*Material provided*.

▶

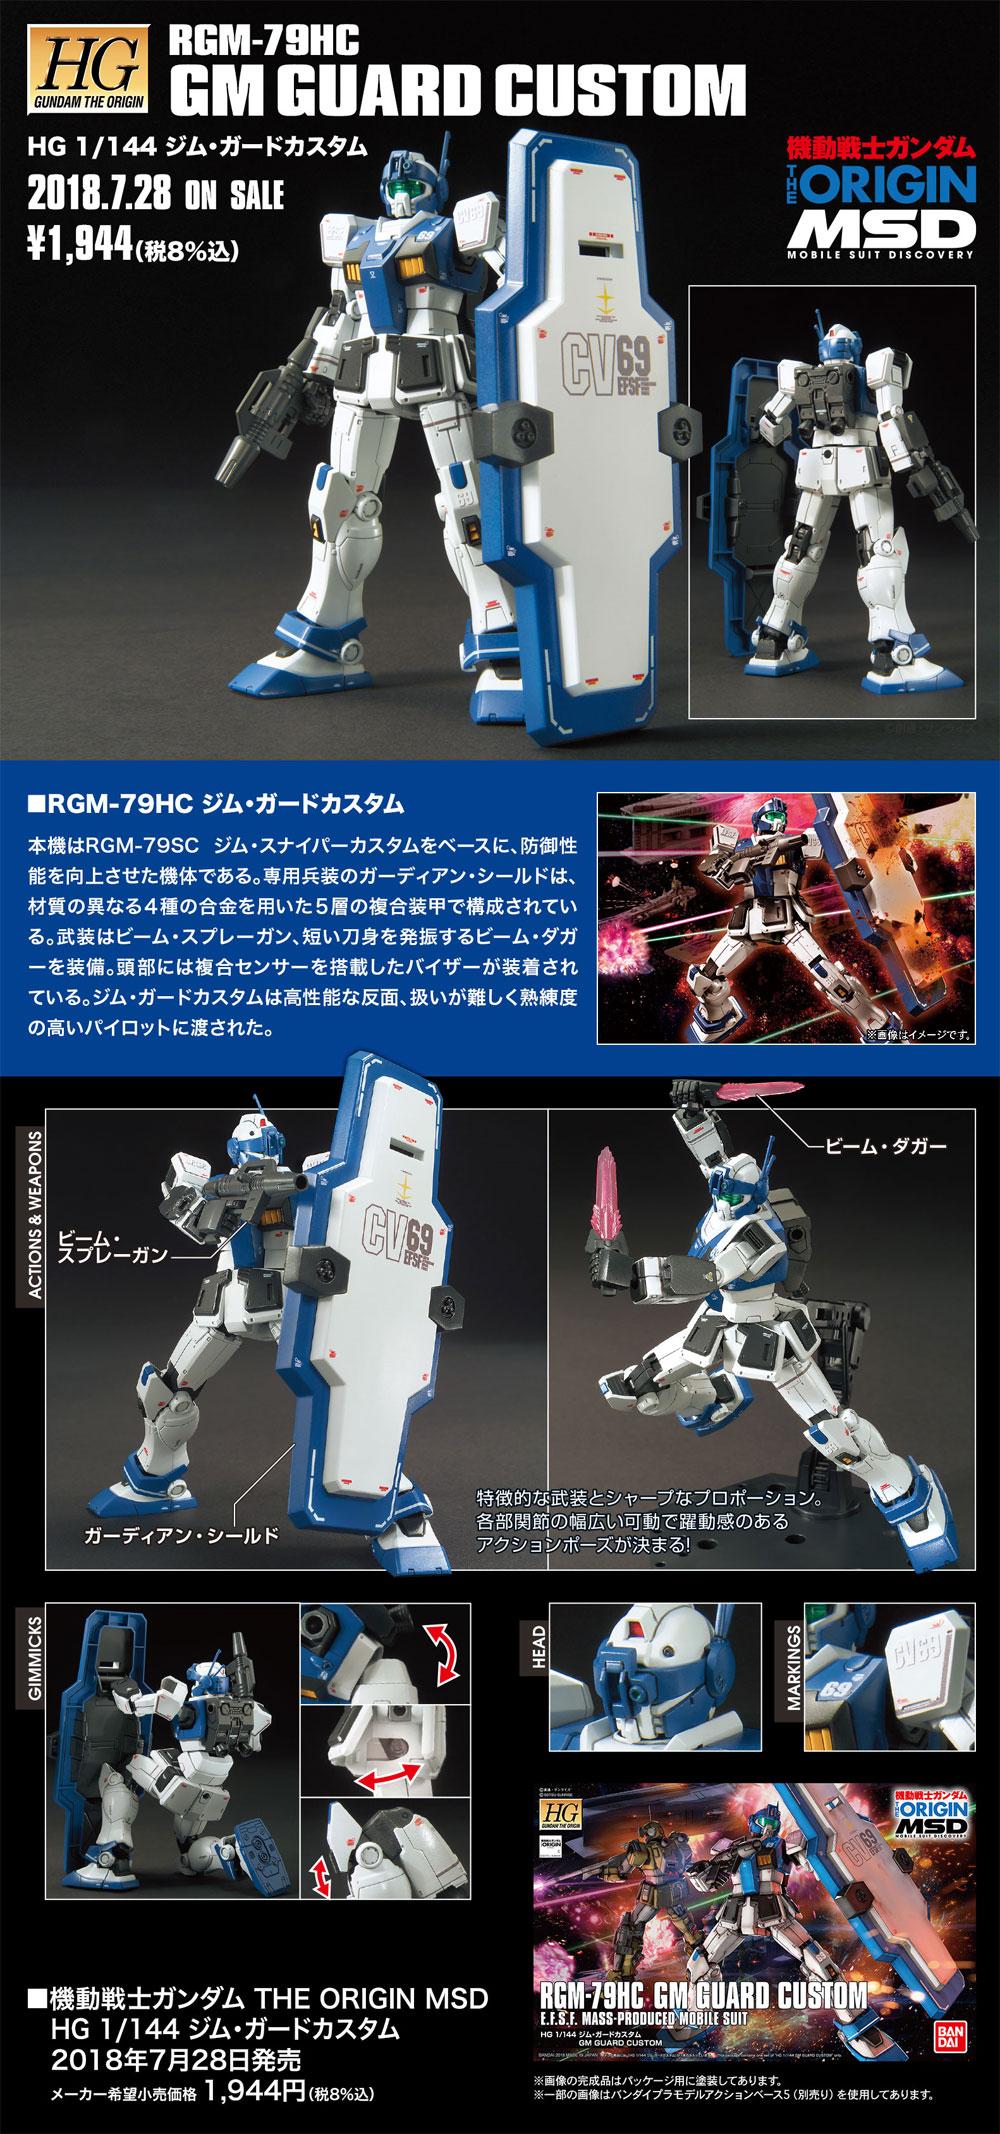 RGM-79HC ジム・ガードカスタムプラモデル(バンダイHG ジ・オリジンNo.022)商品画像_4
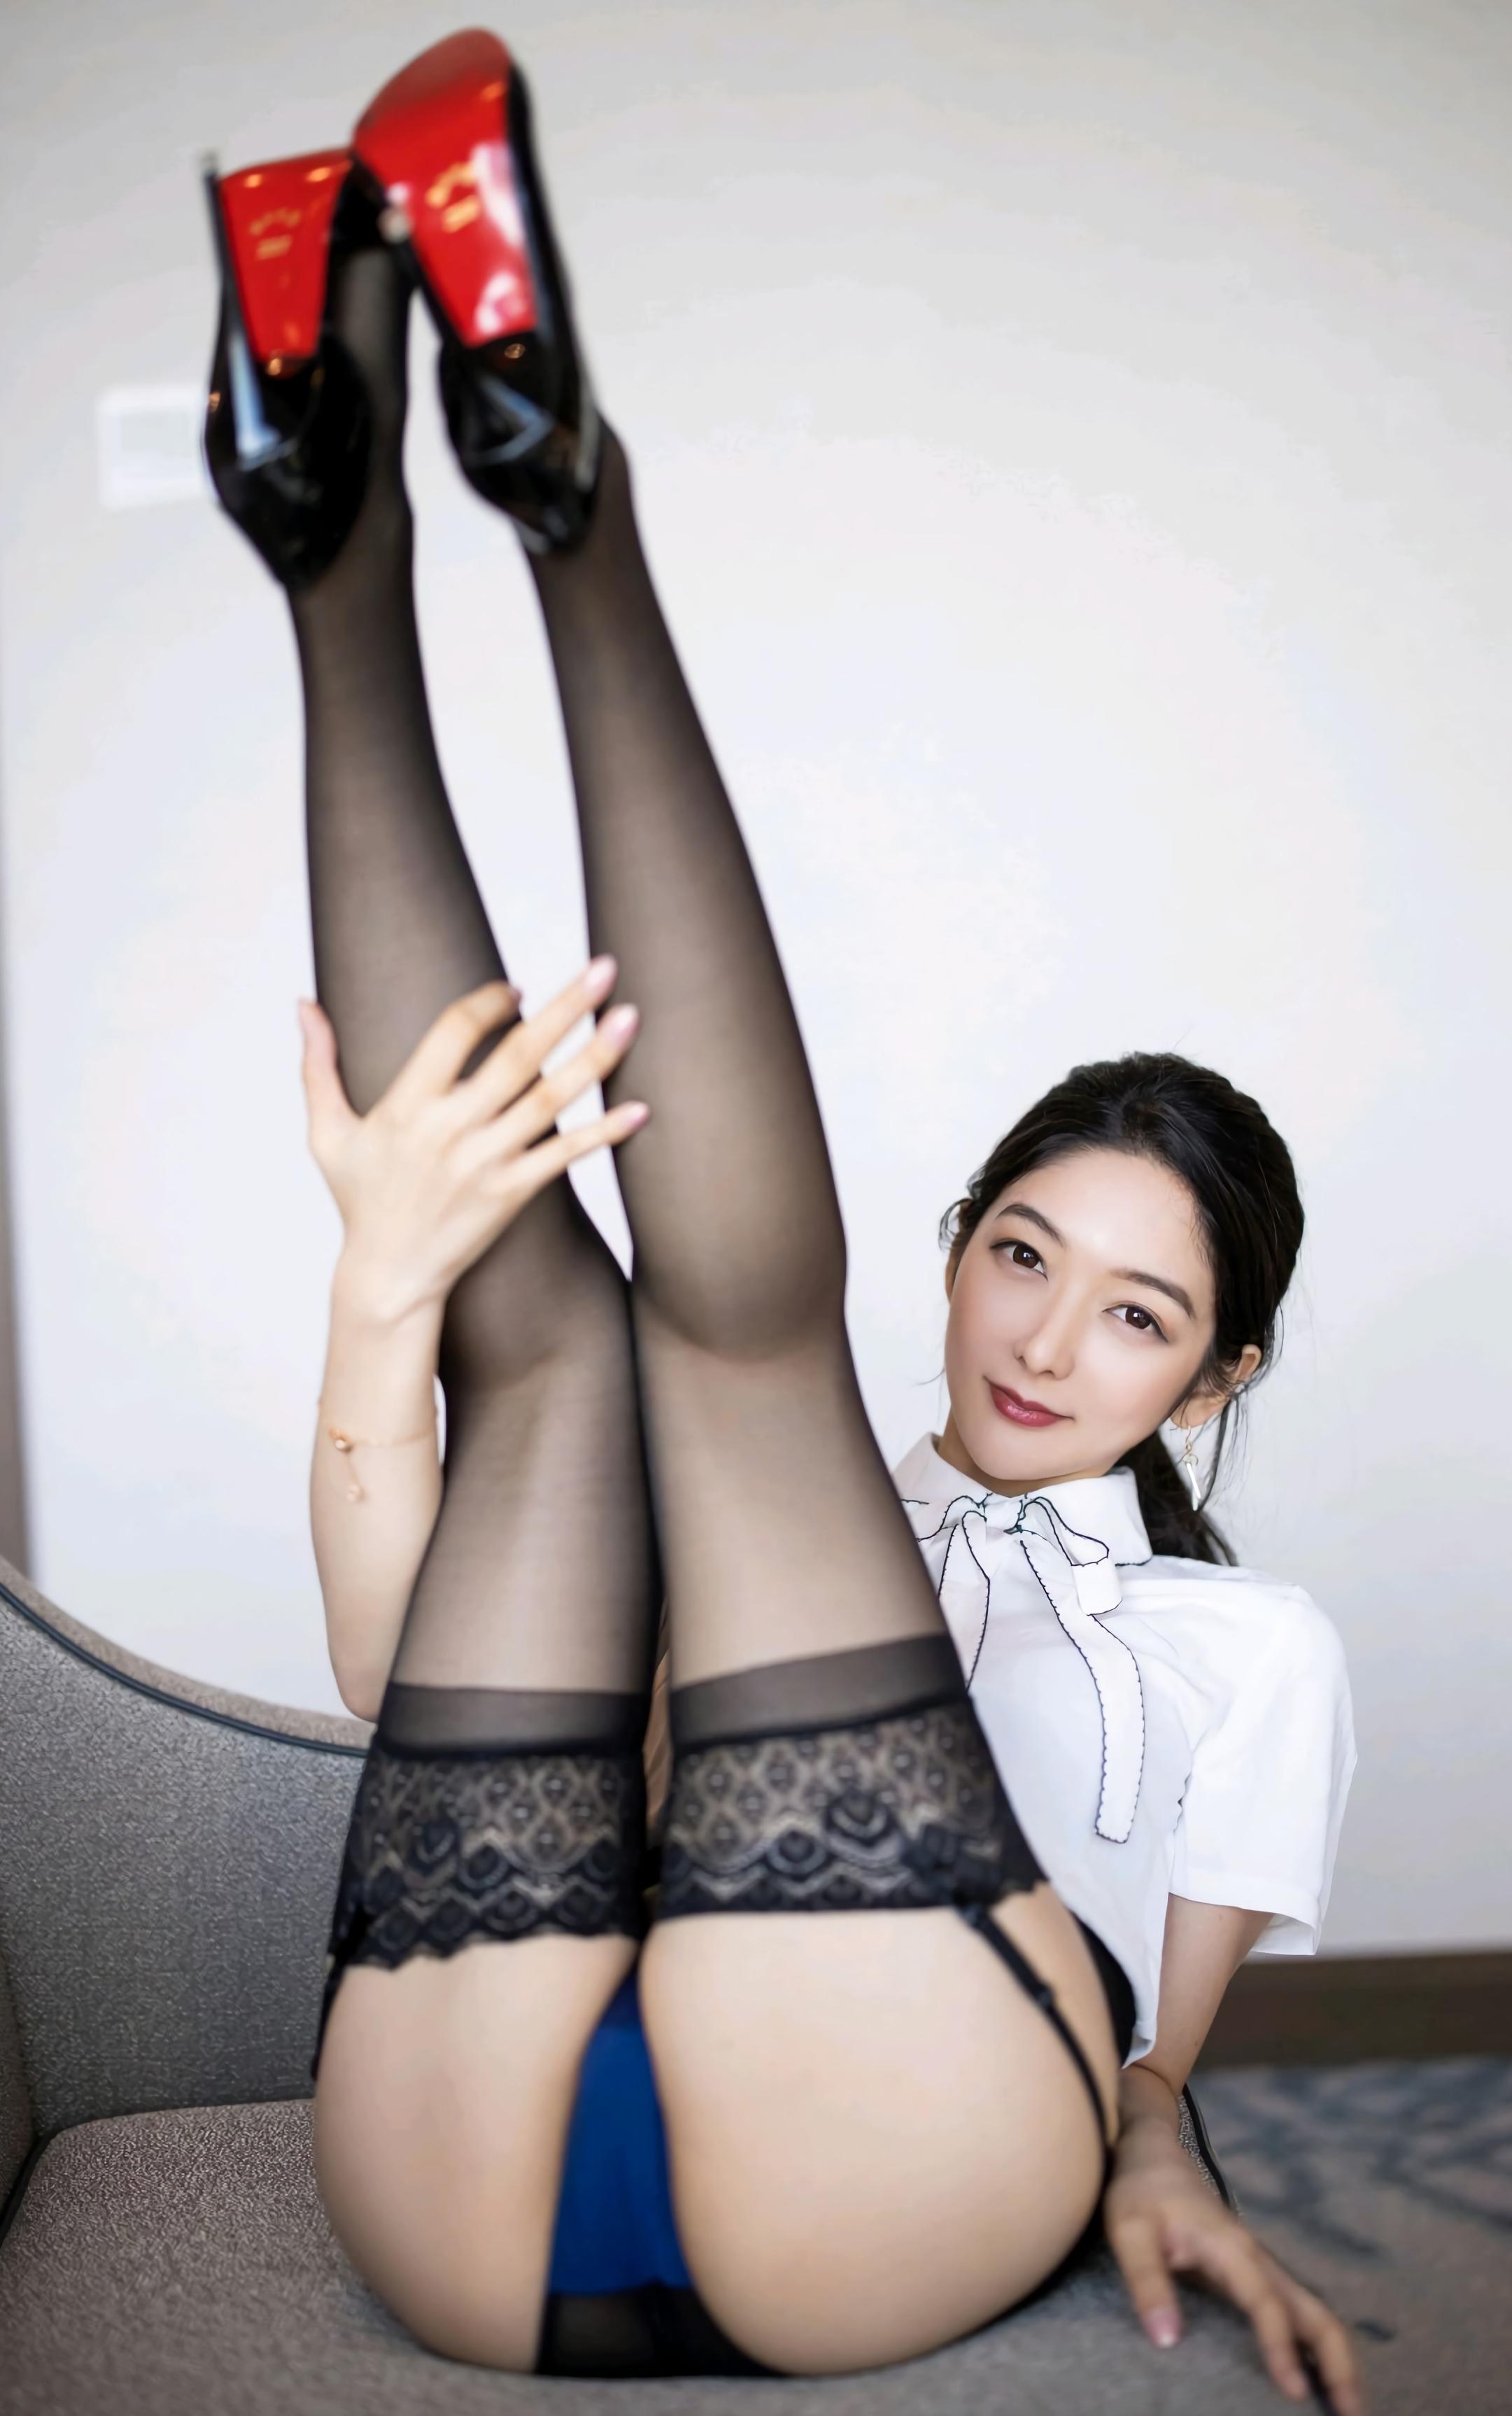 丝袜为什么对男人诱惑如此之大?
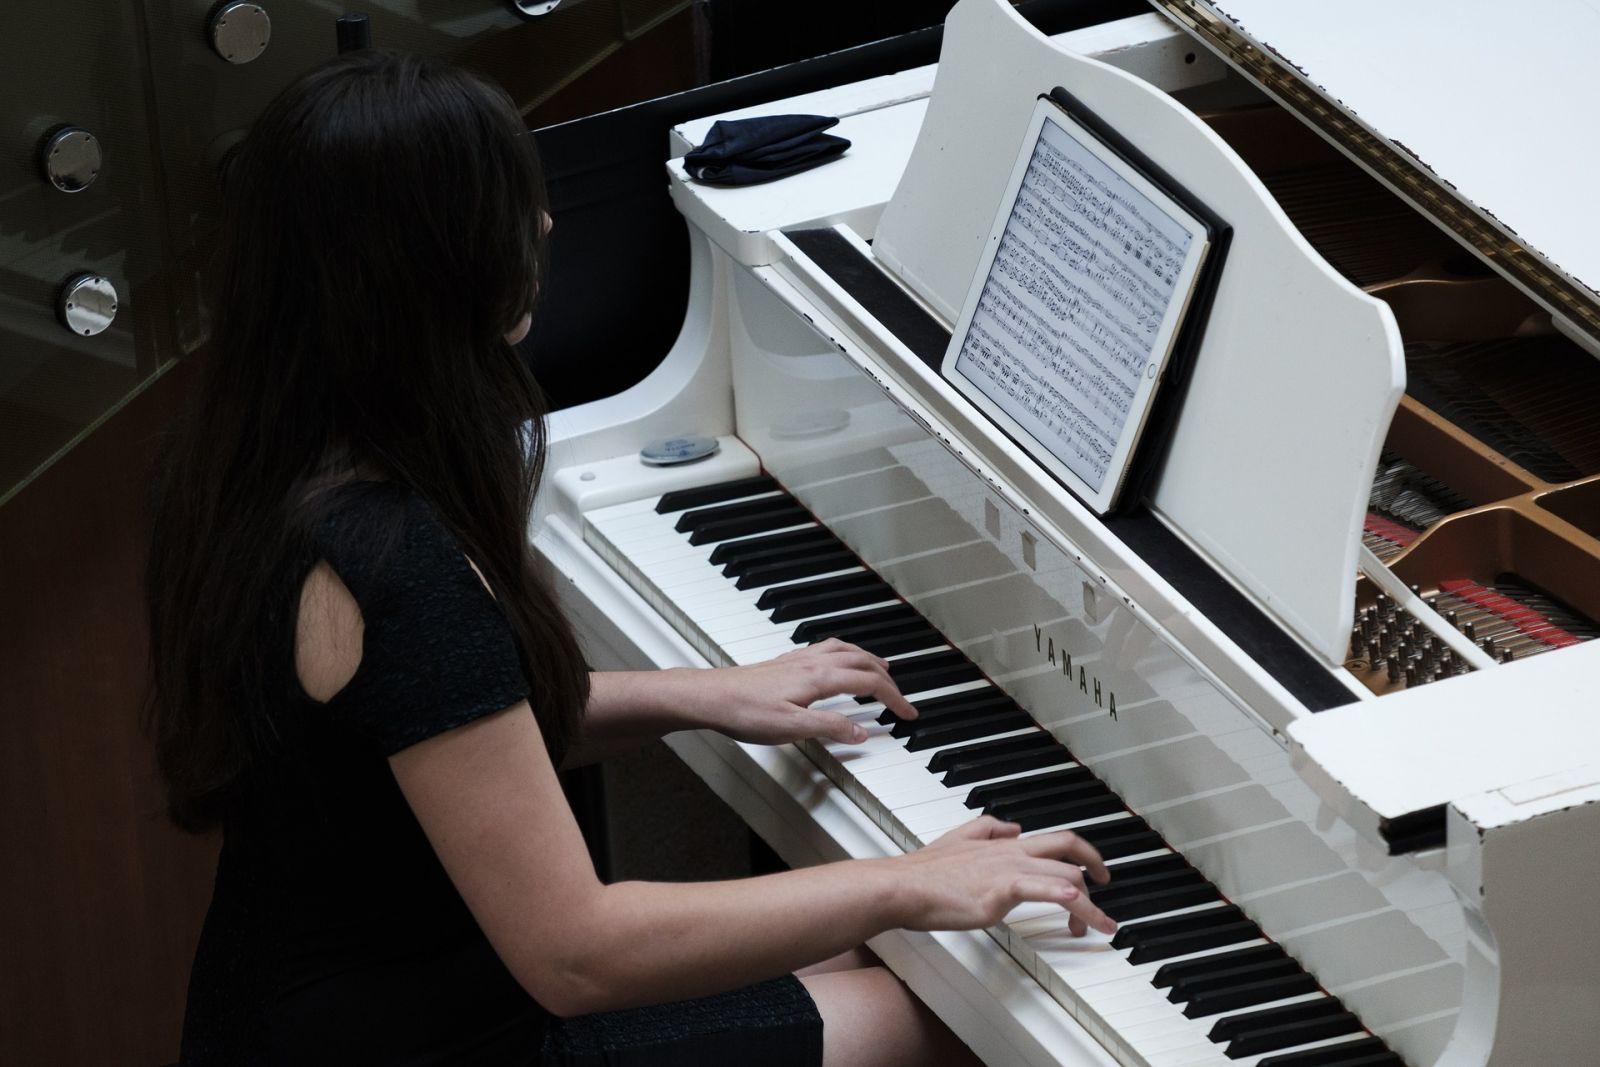 Le piano, une philosophie de vie

◀

*Try it*.
Exact reproduction is required for the lines from the one containing "丝袜为什么对男人诱惑如此之大?" through the end of the material, and for those lines only, without pictures.

*Solution below*.
 丝袜为什么对男人诱惑如此之大?
 Le piano, une philosophie de vie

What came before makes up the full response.